Re:Penetration testing is next to useless (2, Insightful)

mOdQuArK! (87332) | more than 6 years ago | (#21244185)

For most companies, physical penetration testing is next to useless. Why? Because management expects IT and employees to act as security guards.

Which is a good reason for physical penetration testing: to throw management's assumptions in their face.

Re:Penetration testing is next to useless (-1, Troll)

Anonymous Coward | more than 6 years ago | (#21244631)

And then TraceSecurity performed the ultimate in penetration testing: they pulled my pants down and fucked me in the ass.
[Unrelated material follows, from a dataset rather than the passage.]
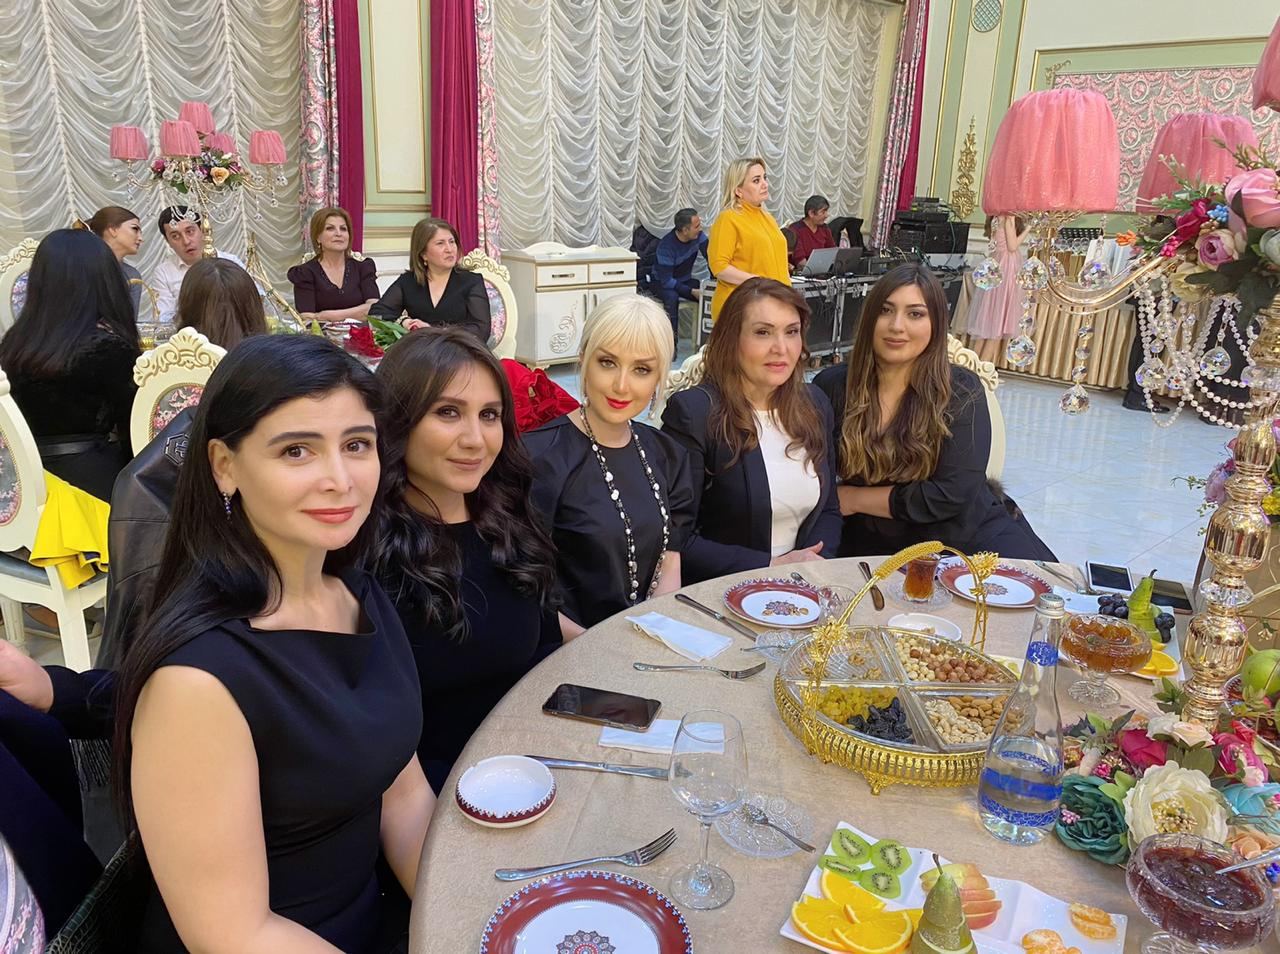 В Баку прошла церемония награждения национальной премии "Деловая женщина года" (ФОТО)

Management was horrified that their IT department was so easily penetrated. TraceSecurity even allowed management to try the penetration test for itself. Pretty soon, everyone, even TraceSecurity, were gleefully penetrating everything within earshot.

- excerpt from CmdrTaco's diary

Re:Penetration testing is next to useless (1, Interesting)

Anonymous Coward | more than 6 years ago | (#21244321)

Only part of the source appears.